When comes to specifically reducing carbon emissions and greenhouse gases, a few ETFs stand out. Etho Climate Leadership ETF ETHO, -0.26% is an equal-weight midcap growth ETF that picks U.S. companies exhibiting the least carbon impact within its industry as measured by total greenhouse gas emissions from operations, fuel use, supply chain and business activities. It excludes energy, tobacco, aerospace and defense, gambling, gold and silver subindustries.
Performance-wise, the ETF lags the midcap growth category and index because it is overweight financial services and industrials, two sectors that were hit hard in 2020, but still has returned an annualized total 15% on a three-year basis.
A carbon-focused ETF that made its debut earlier this year is KFA Global Carbon ETF KRBN, -0.49%, an actively managed ETF that aims out outperform a carbon-credit futures index. It’s the first U.S.-listed ETF that gives investors access to this market.
The ETF’s benchmark is the IHS Markit’s Global Carbon Index. This index gives exposure to cap-and-trade carbon allowances by tracking the most liquid carbon-credit futures contracts. Interested investors should be aware it’s a small fund with only $12 million in assets under management.
There are two other ETFs that have low-carbon in their name, iShares MSCI ACWI Low Carbon Target ETF CRBN, -0.43% and VanEck Vectors Low Carbon Energy ETF SMOG, +0.09%. Quick screens of their holdings show they have 5% or less of holdings in carbon-producing industries, so investors will need to decide if that’s acceptable.

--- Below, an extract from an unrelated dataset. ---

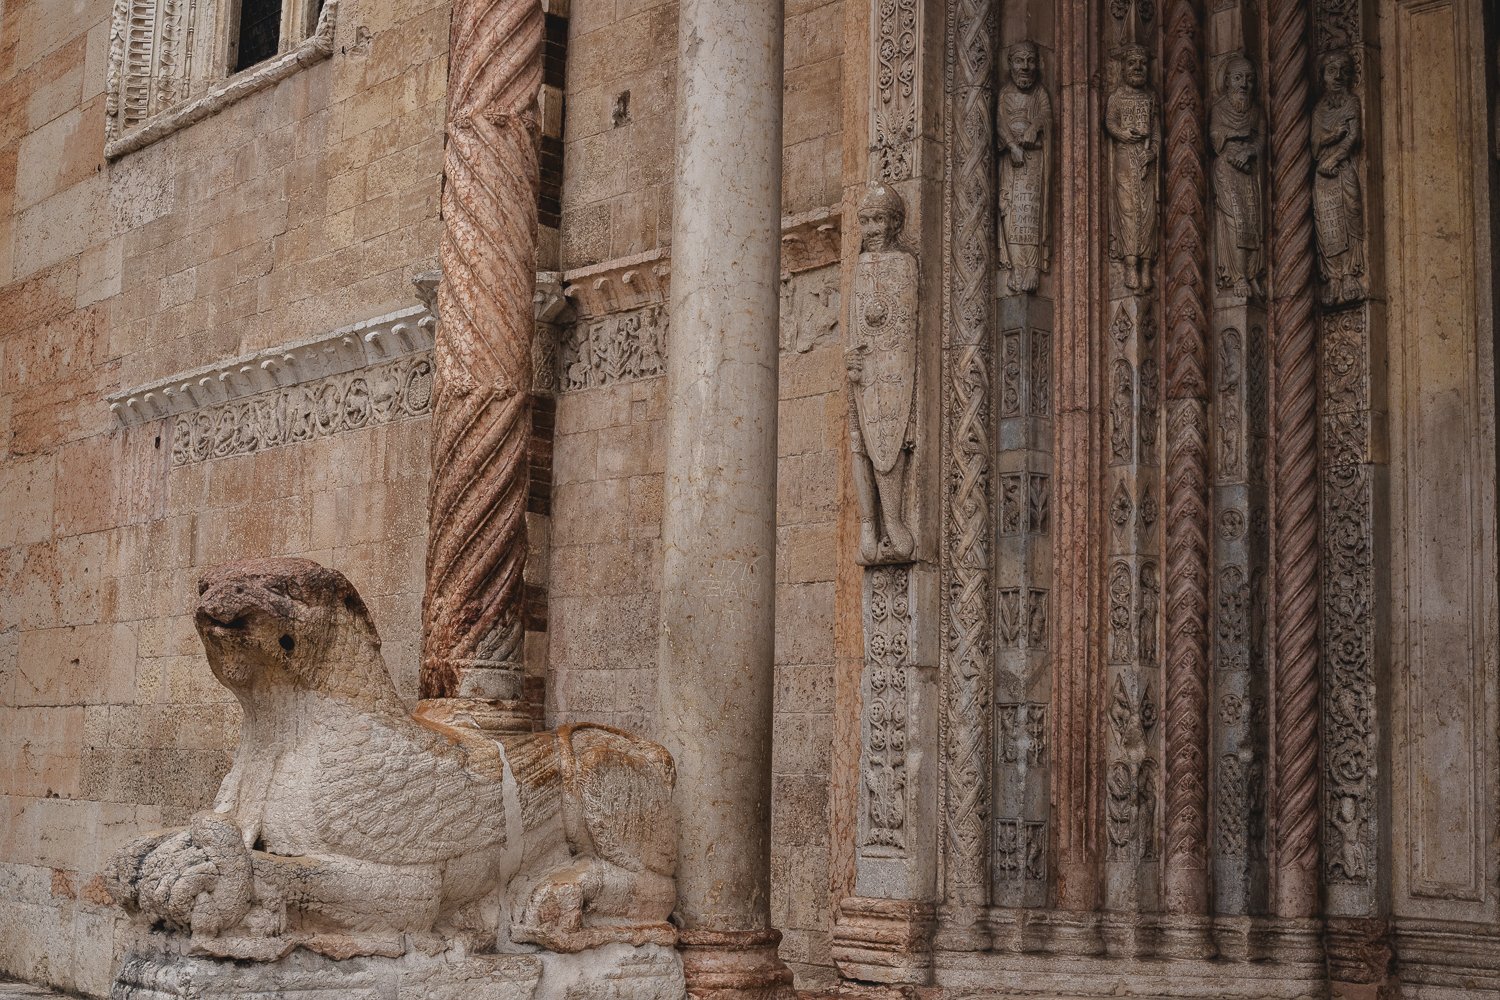 Une statue de sphynx (je pense) soutient une colonne sur la façade de la cathédrale de Vérone

Clean-energy ETFs offer investors a way to help mitigate climate change. Two highly rated and strong-performing ETFs with sustainability mandates are Invesco WilderHill Clean Energy ETF PBW, -0.35% and First Trust Nasdaq Clean Edge Green Energy Index Fund QCLN, , both of which have wildly outperformed the broader market this year.
Both ETFs include companies involved in wind, solar, biofuels and geothermal companies, and both have Chinese electric vehicle company NIO NIO, +1.40% as their No. 1 holding. But they differ in that the Invesco fund is an equal-weight index, which caps the dominance of any one company, while in the First Trust fund, NIO accounts for 14.4% of the holdings.
Another avenue for investing is to look at the biggest producers of greenhouse gas emissions and what publicly traded companies may be in a position to mitigate those emissions.
Older buildings are notorious leakers of energy. These structures contribute nearly 40% of annual global greenhouse gas emissions, according to Architecture 2030, a group that seeks to reduce the carbon footprint of buildings, and approximately two-thirds of those buildings will still exist in 2050. Retrofitting existing structures with better insulation can help reduce an old building’s carbon footprint.
Toward that goal, consider these three leaders in the building products division: Owens Corning OC, -2.09%, Ireland’s Kingspan Group KGSPY, -5.96% KRX, -2.94% and Johnson Controls JCI, -1.87%. Both Owens Corning and Kingspan produce thermal insulation materials, while Johnson Controls sells HVAC systems under brands such as York.
As interest in climate change mitigation and reducing greenhouse gases grows, investors may have more options to consider, but like with any investment, they should do their own research.